Eve was born into a family with many brothers and sisters. The family's main income was her father's meager monthly salary as a civil servant. So they were poor. With many mouths to feed, her mother had to supplement the family's income by selling spicy beef noodle soup: each morning the front porch of the house was turned into a noodle stand serving people in the neighborhood, and it was closed when breakfast hours ended. And the parents managed to put all their children in school. Eve was a cute little girl who went to the neighborhood grammar school every day in her colorful short skirt and a white shirt and she had her hair tied into two bundles on both sides of her head. Like any child, she just grew up, crying one moment and smiling the next, and most of the time she was happy despite the circumstances. She was considered the prettiest girl in the family. With all the sisters and brothers, she was particularly fond of the sister who was only one year older than she. They played together and went to school together and slept together and they often asked if they loved one another and the answer was always yes. This sister later played a role in Eve's life as a girl in love. Eve grew up a happy child.
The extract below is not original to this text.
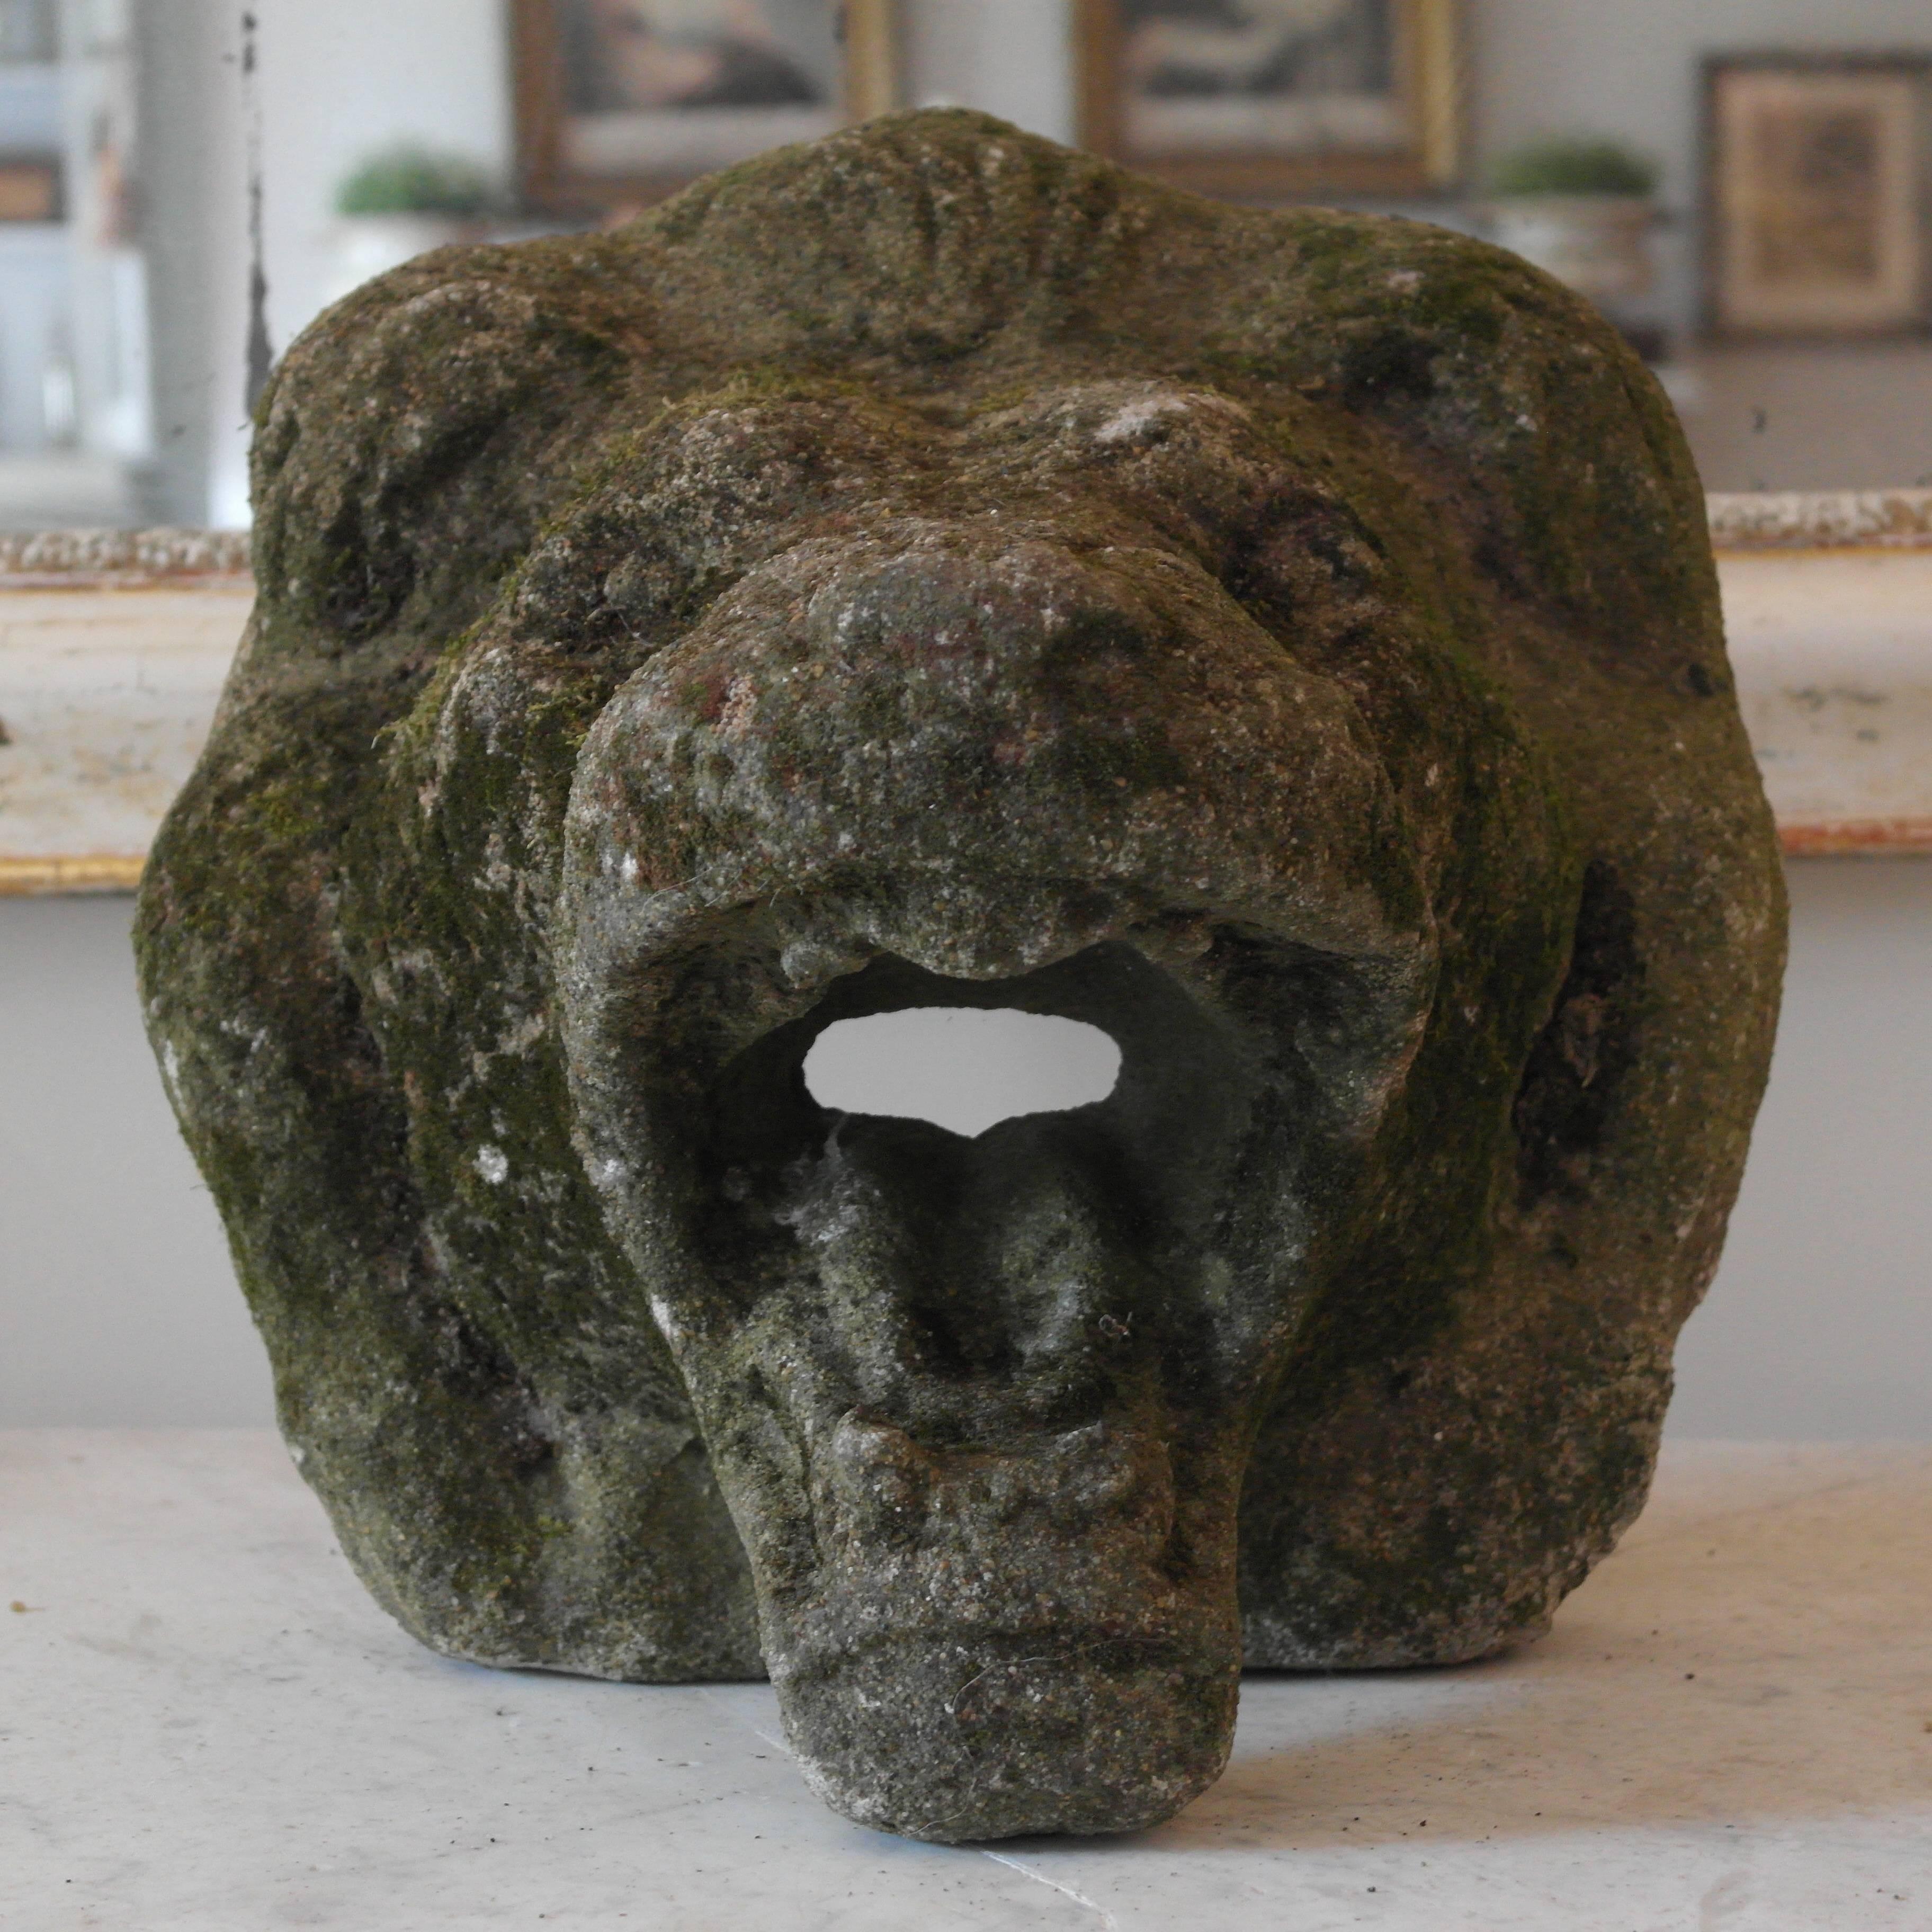 This fabulous and unusual lion’s head was originally designed as a water feature - ideally to put on a wall but because the large chin keeps it upright it could be placed as a decorative feature equally well - with good patination.

At thirteen Eve had her first period. The first time she bled, she panicked and went crying to her mother in the middle of the night and the mother smiled and told her not to worry, there was nothing to be afraid of, that it happened to all the girls and from now on it would happened to her every month and for many years to come. She took her daughter to the kitchen where the water was and asked her to take off her panties and washed off the blood which was now running down her legs. Eve asked her mother why does it happen to girls, does it happen to boys too? Her mother said no it does not happen to boys it only happens to girls. Eve then went back to bed but what her mother had said did not reassure her. She still felt confused. But there was no pain despite the bleeding, and soon she fell back to sleep. The next morning she went to school and told one of her closest friends about the bleeding and the friend was surprised and Eve said that it would happen to you too and the friend said really? The second time it happened Eve felt very uncomfortable all three days of bleeding and it interrupted her study and play. Her mother gave her sanitary napkins to wear during the bleeding days and said Eve would now keep a supply of the napkins for herself just for days like these. This thing happened to women every month, her mother told her, and further explained that without it she would not be able to make babies. And Eve asked her mother does it happen to you too and she said yes it has happened to me too and it is still happening.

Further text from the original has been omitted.